A psicanalista Maria Belo chegou a Paris em Setembro de 68. “Respirava-se revolução”, afirma, ao descrever a sociedade francesa após o movimento estudantil. “Houve uma quebra de tabus. As pessoas despiam-se no meio da aula para provocar, começou uma liberdade de costumes,” refere a ex-deputada do Partido Socialista.

“Começou-se a pensar pela própria cabeça, a ter relações mais livres, a intervir mais, mas, por outro lado, nasceu a noção do consumo, da prevalência de um certo ‘parecer’ sobre o ‘ser'”, afirma Maria Belo.

Também a jornalista Diana Andringa defende que o movimento estudantil provocou uma “alteração de mentalidades”. No entanto, a jornalista não acredita que o Maio de 68 tenha alterado o curso da história. “Hoje em dia já não se nota tanto essa influência. Penso que se os ideais da Geração de 60 tivessem vencido teríamos um mundo diferente”, salienta Diana Andringa.

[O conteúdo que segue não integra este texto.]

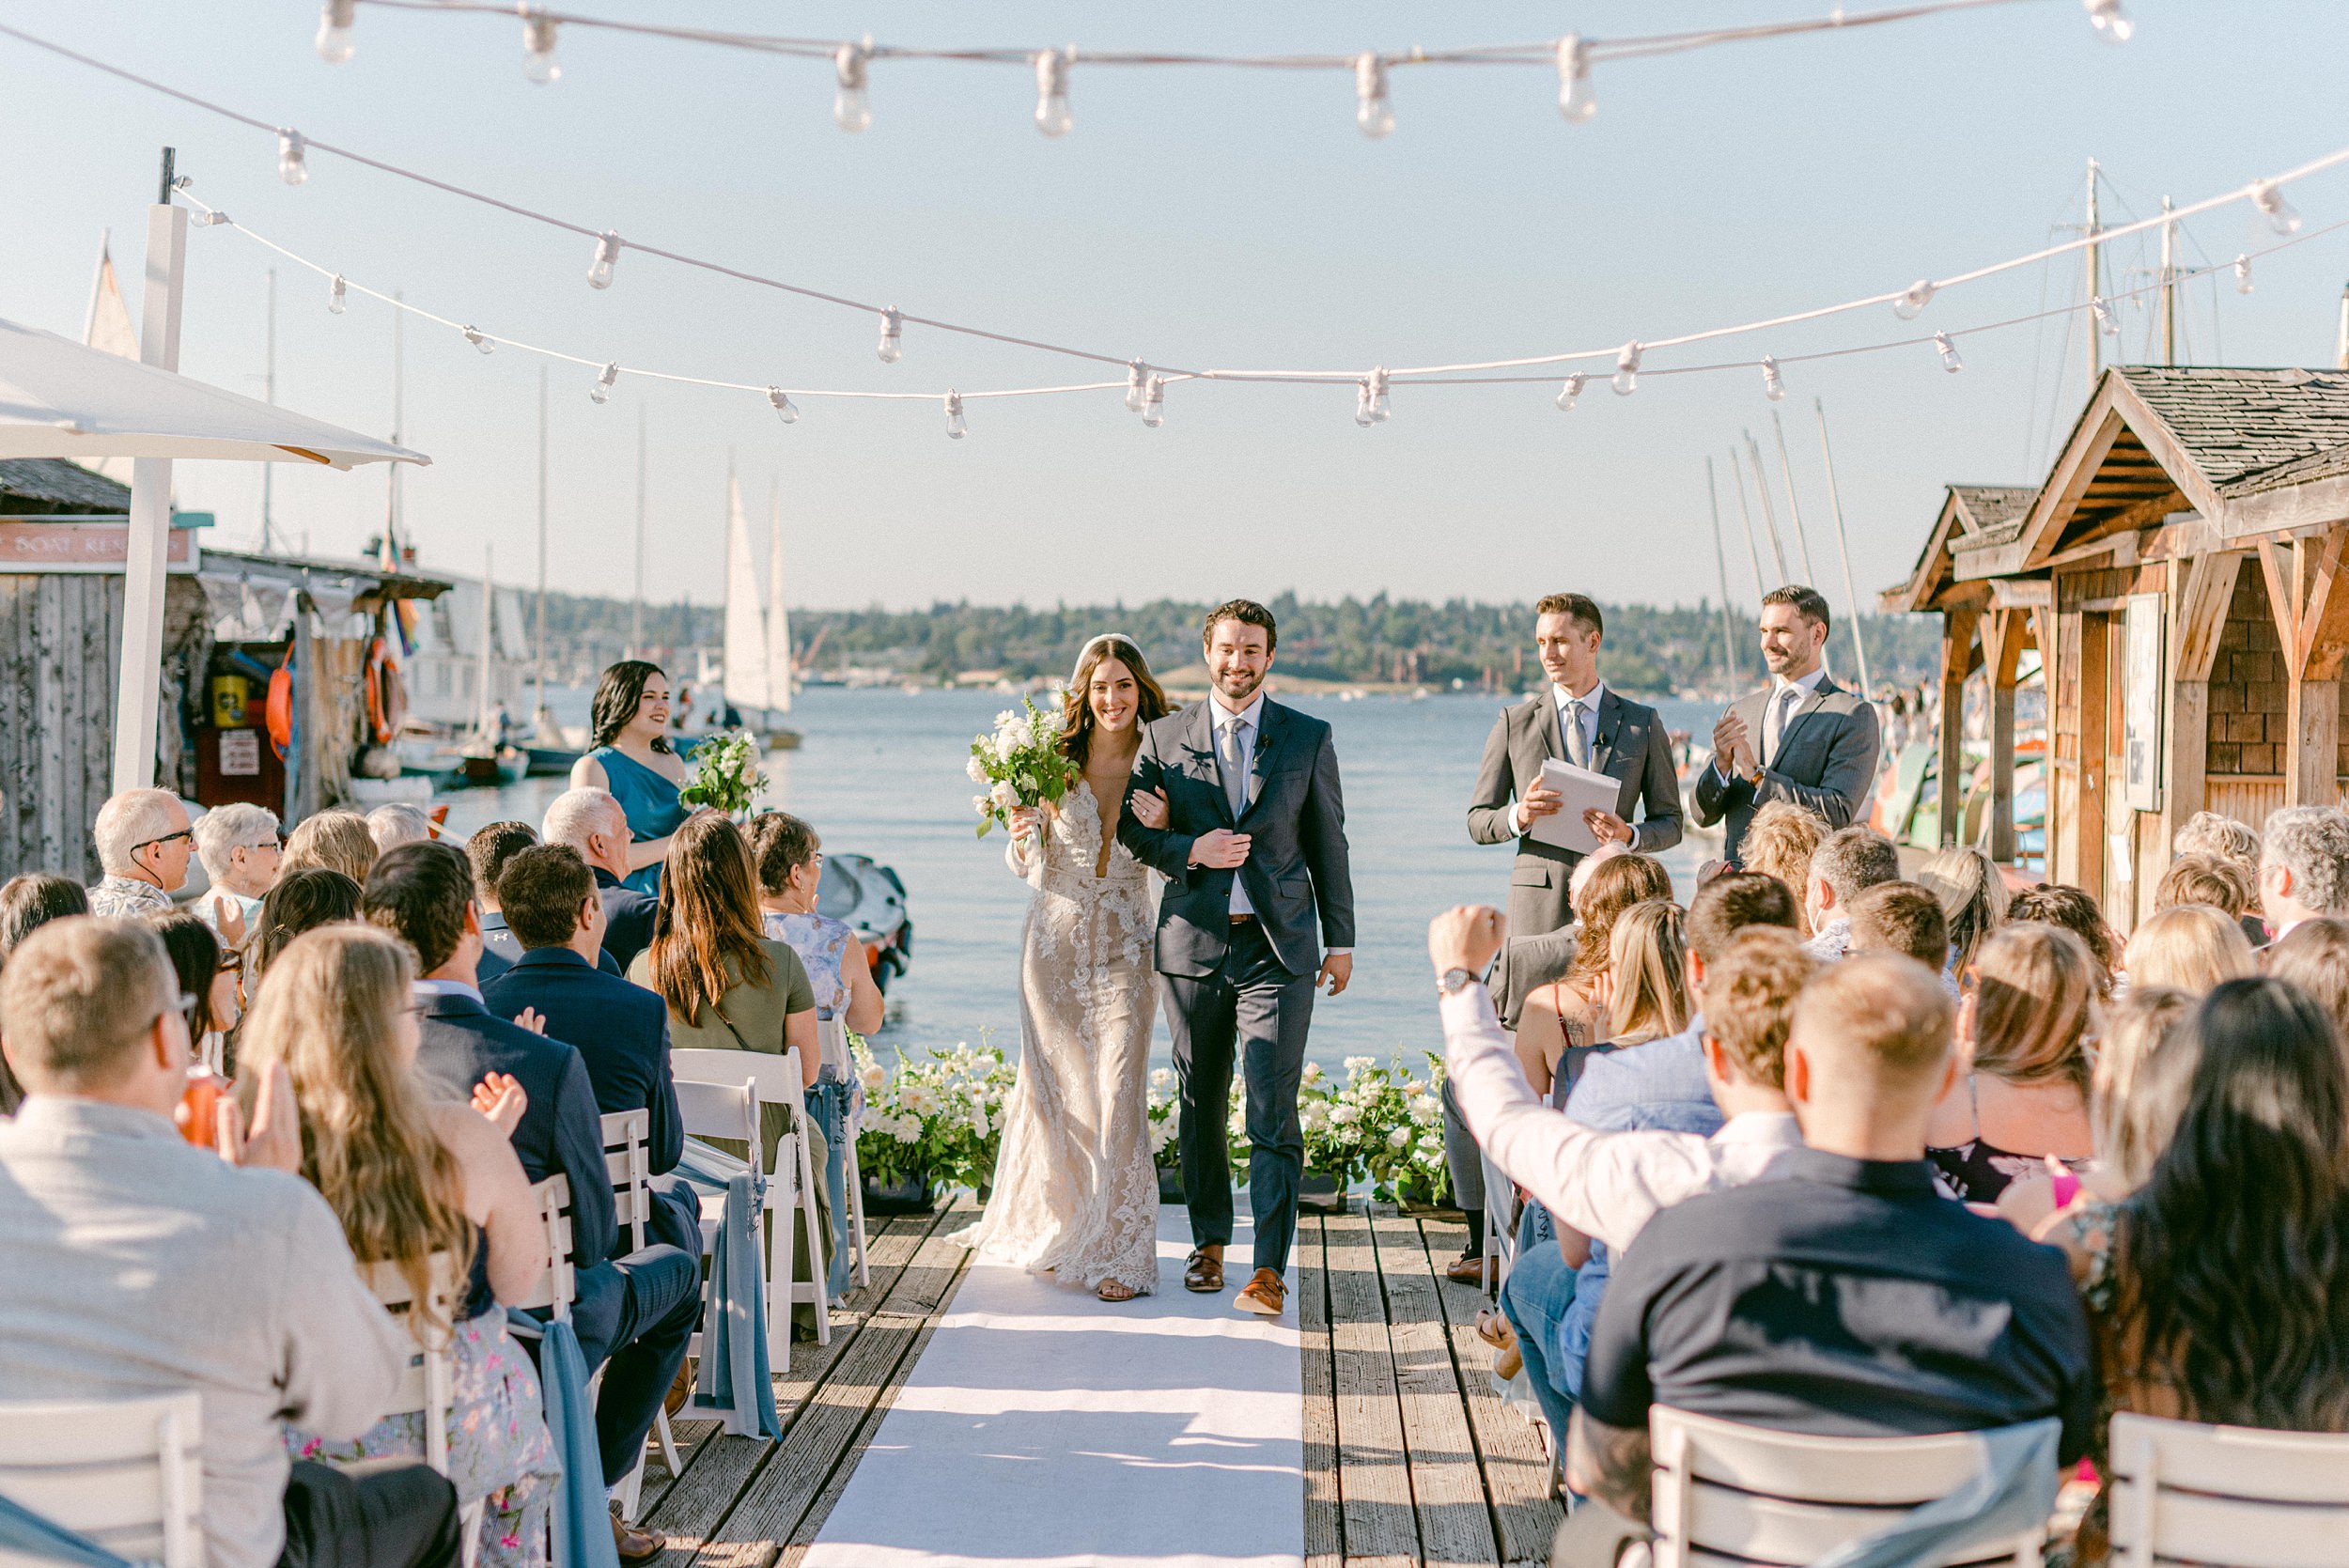 Fine Art Weddings in Seattle, Washington. The Center for Wooden Boats. Bride and Groom at the end of their ceremony, walking down the aisle, while their guests cheer and clap for them. Water rippling in the background with boats here and there.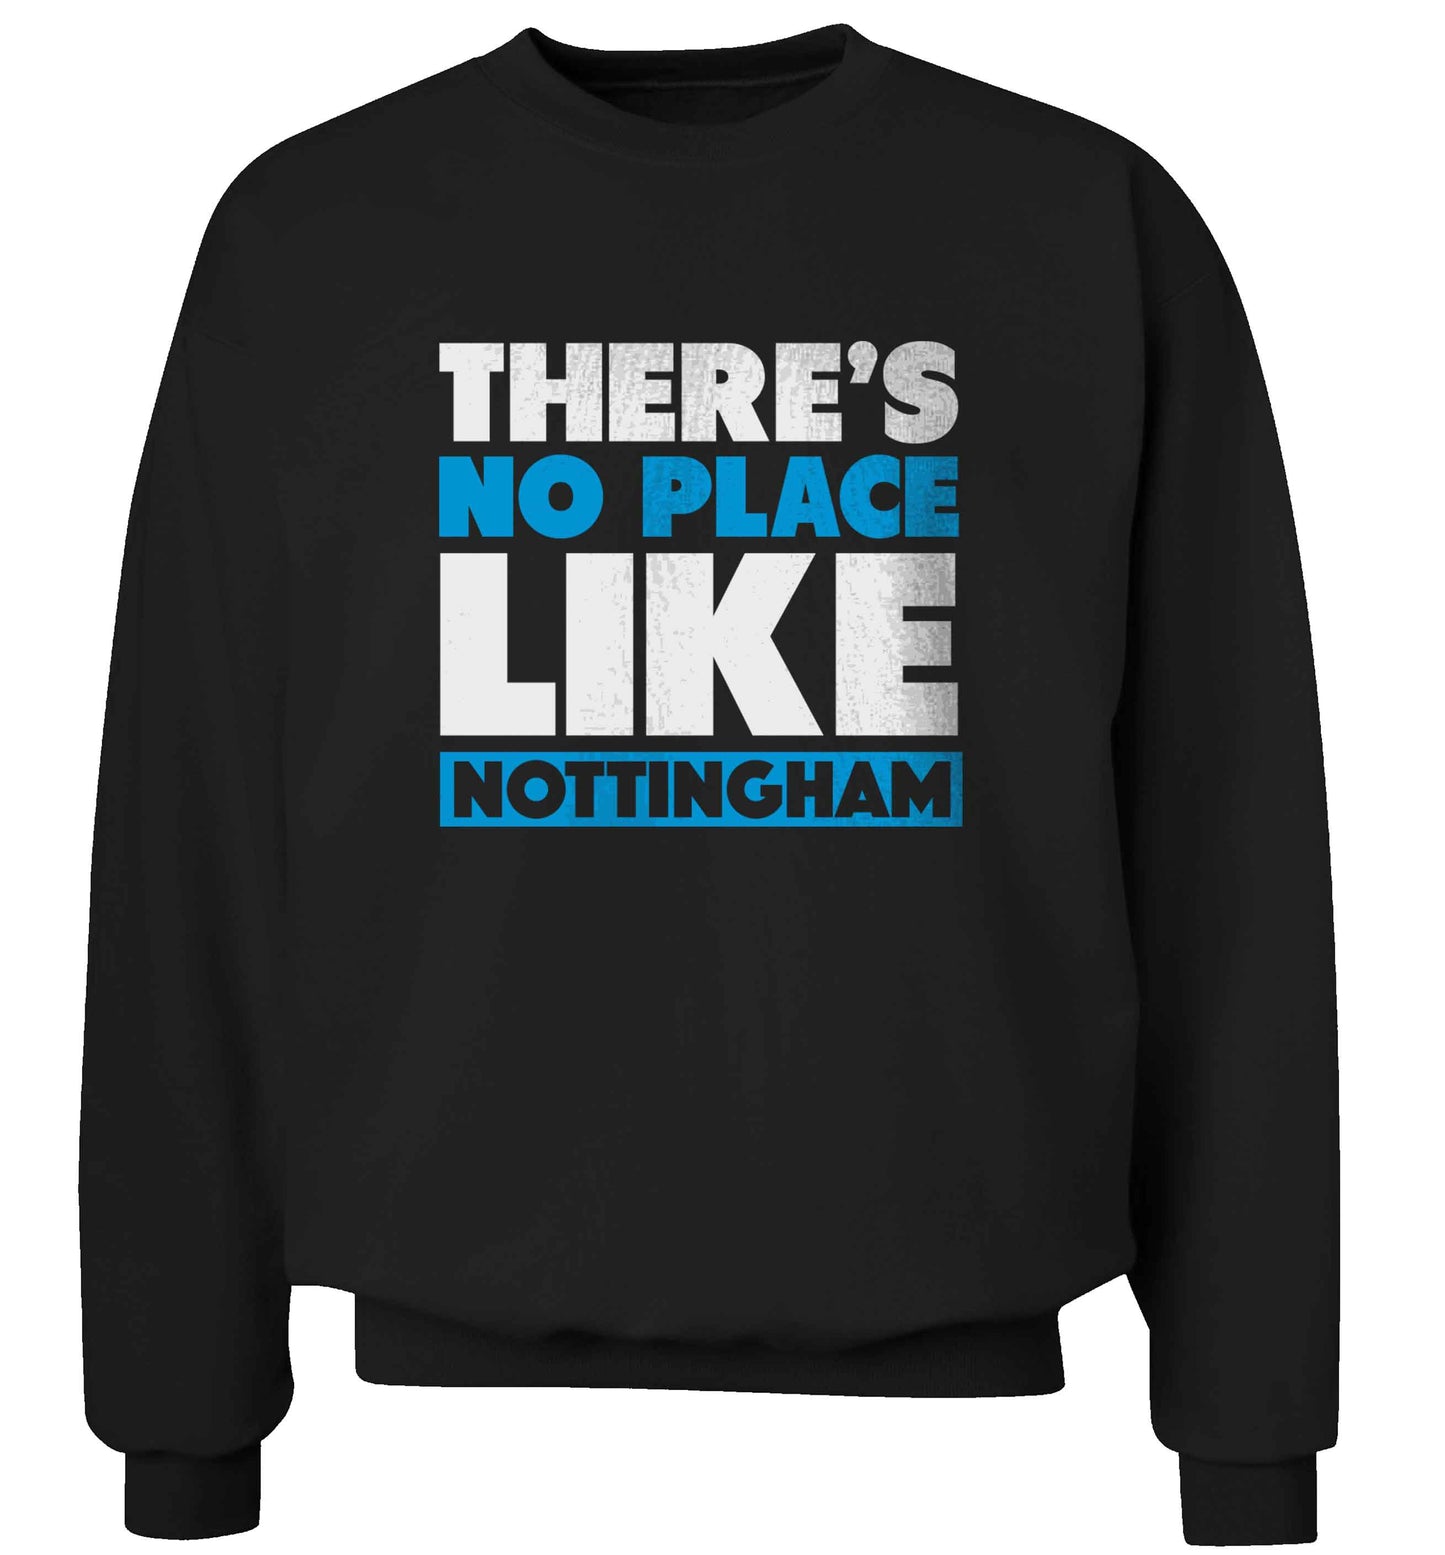 There's no place like Nottingham adult's unisex black sweater 2XL

“No Maio de 68 gritava-se: ‘Não queremos ser os capatazes das fábricas’. Hoje procura-se a ligação dos licenciados ao mercado de trabalho. A pessoa não pode ser só rotina”, exemplifica a jornalista.

Andringa vai mais longe ao afirmar que existe uma “tendência para esquecer”: “No Maio de 68 os jovens lutavam, em todo o mundo, por uma sociedade. O legado que o Maio de 68 me deixou foi esta inquietação, esta angústia. E a angústia é algo criativo”, considera a jornalista, que criou um programa de televisão dedicado à “Geração de 60”.